Peter Buckley Hill (born Edward Peter Hill on 3 March 1948) is a musical comedian and head of the Free Fringe at the Edinburgh Festival Fringe, for which he was, in 2009, awarded the Panellists' Edinburgh Comedy Award. In 2008, he was nominated for the Malcolm Hardee Award for Comic Originality.

He was born in Burnley, Lancashire and educated at Poynton Primary School, Stockport Grammar School and Leeds Grammar School. Graduating from University College London in 1969 with a degree in English, he embarked on a career with BASF AG in Switzerland and Germany. He returned to the UK in 1973 to complete an MSc at London Business School.

From 1975, he was involved in various small business ventures and in 1980 became a temporary lecturer at the Polytechnic of Central London, now University of Westminster. He served spells with PCL, South Bank Polytechnic and other educational institutions before becoming Senior Lecturer and Co-ordinator of Computing at ILEA Paddington College. He returned to PCL in 1985, became Principal Lecturer in 1989 and Teaching Fellow in 2005. He gained the degree of Doctor of Education from the University of Bristol in 2004.

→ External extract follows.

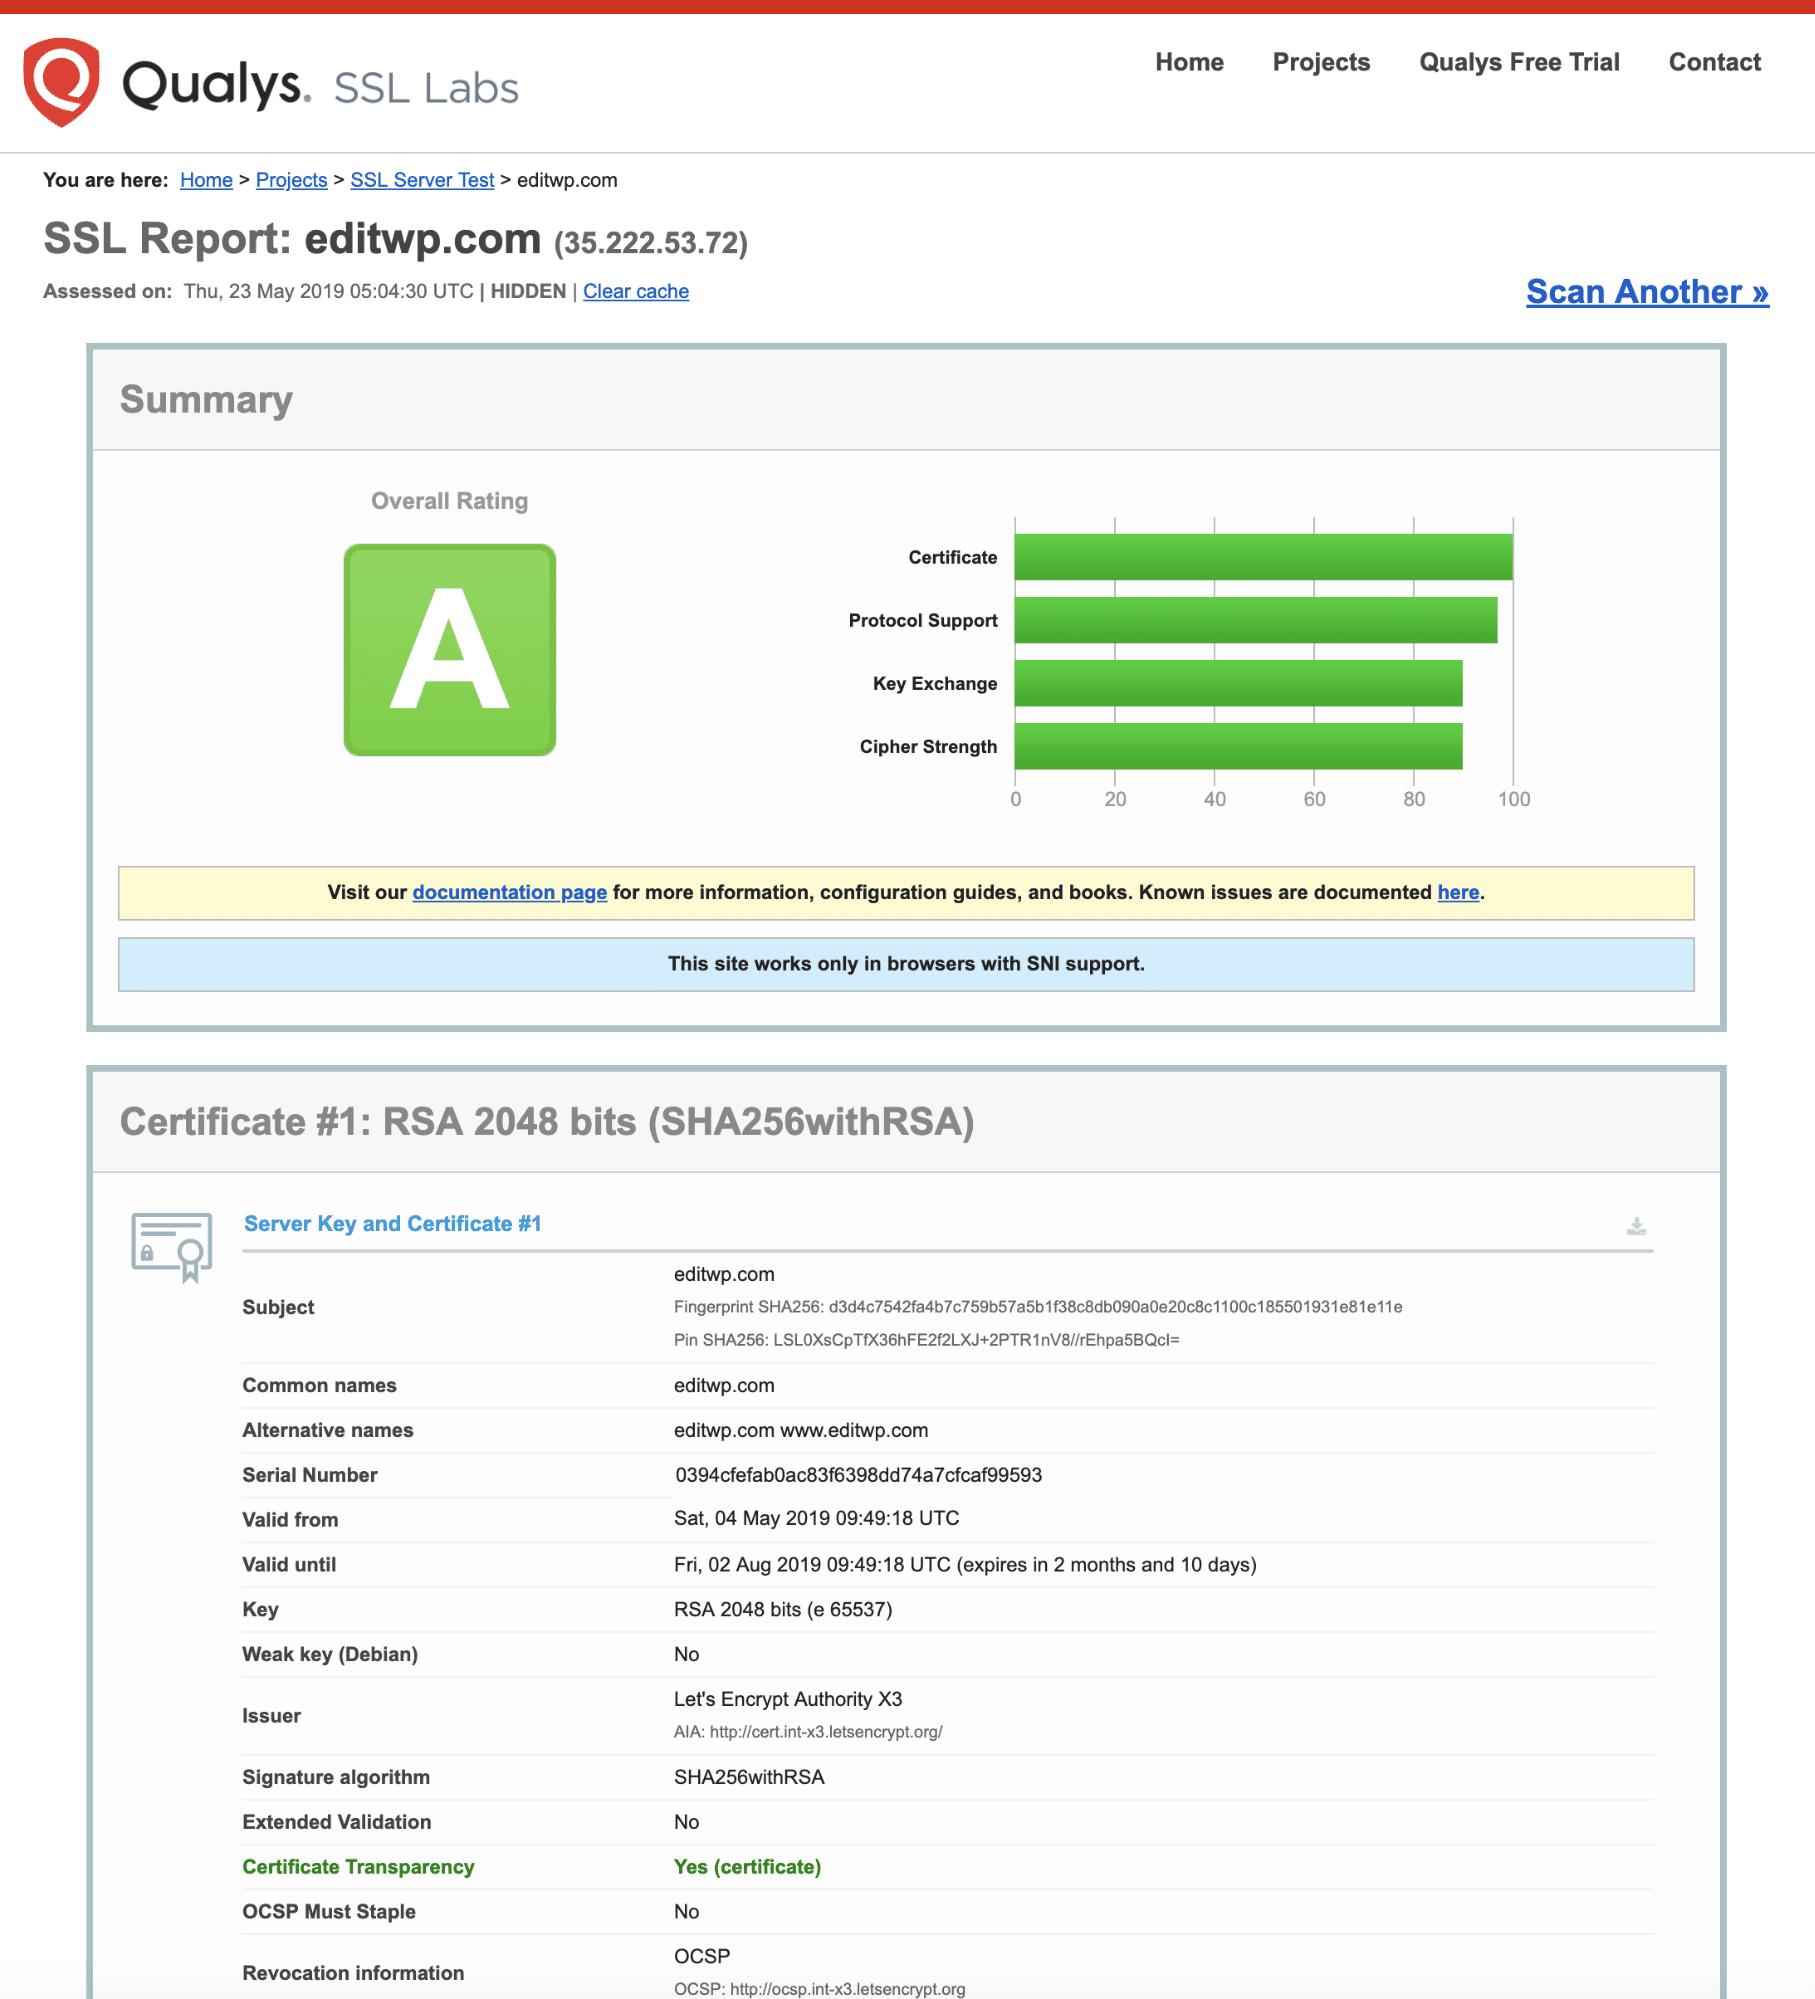 SSL-Berichtsqualitäten

He embarked on a parallel career in musical comedy in 1980, using as a basis material he had written for LBS revues and for the amusement of friends. He found a niche at the Cambridge Folk Festival, sometimes at marathon solo sessions lasting up to three hours.

Hill guested regularly at folk circuit venues and also played alternative cabaret venues such as the Earth Exchange in the early 1980s. He was present at the outset of the Alternative Comedy movement of the 1980s, but not central to it.

In 1994, he took a solo show to the Edinburgh Fringe for the first time. It was savaged by critics. He repeated the experience in 1995, before realising that the basic model of the Fringe needed altering in favour of the unknown or non-established artist. In 1996, he founded the Free Fringe with a single show, Peter Buckley Hill and Some Comedians, at the Footlights and Firkin.

The Free Fringe works on a moneyless principle: premises charge no rent to the Free Fringe; the Free Fringe charges no fees to the performers (not even voluntary charges) and the performers do not charge the public to get in. For fourteen years, the Free Fringe was financed personally by Buckley Hill; in 2009, a benefit was held to defray the central expenses. Also in that year, Buckley Hill's solo Edinburgh show, 40 Words, earned a five-star review from The Scotsman. Hill stepped down from managing the Free Fringe in 2016.

Buckley Hill published a book on his experience of the Edinburgh Fringe called Freeing The Edinburgh Fringe in 2018. At the 2019 Edinburgh Fringe, he performed reading of the book as part of the PBH Free Fringe.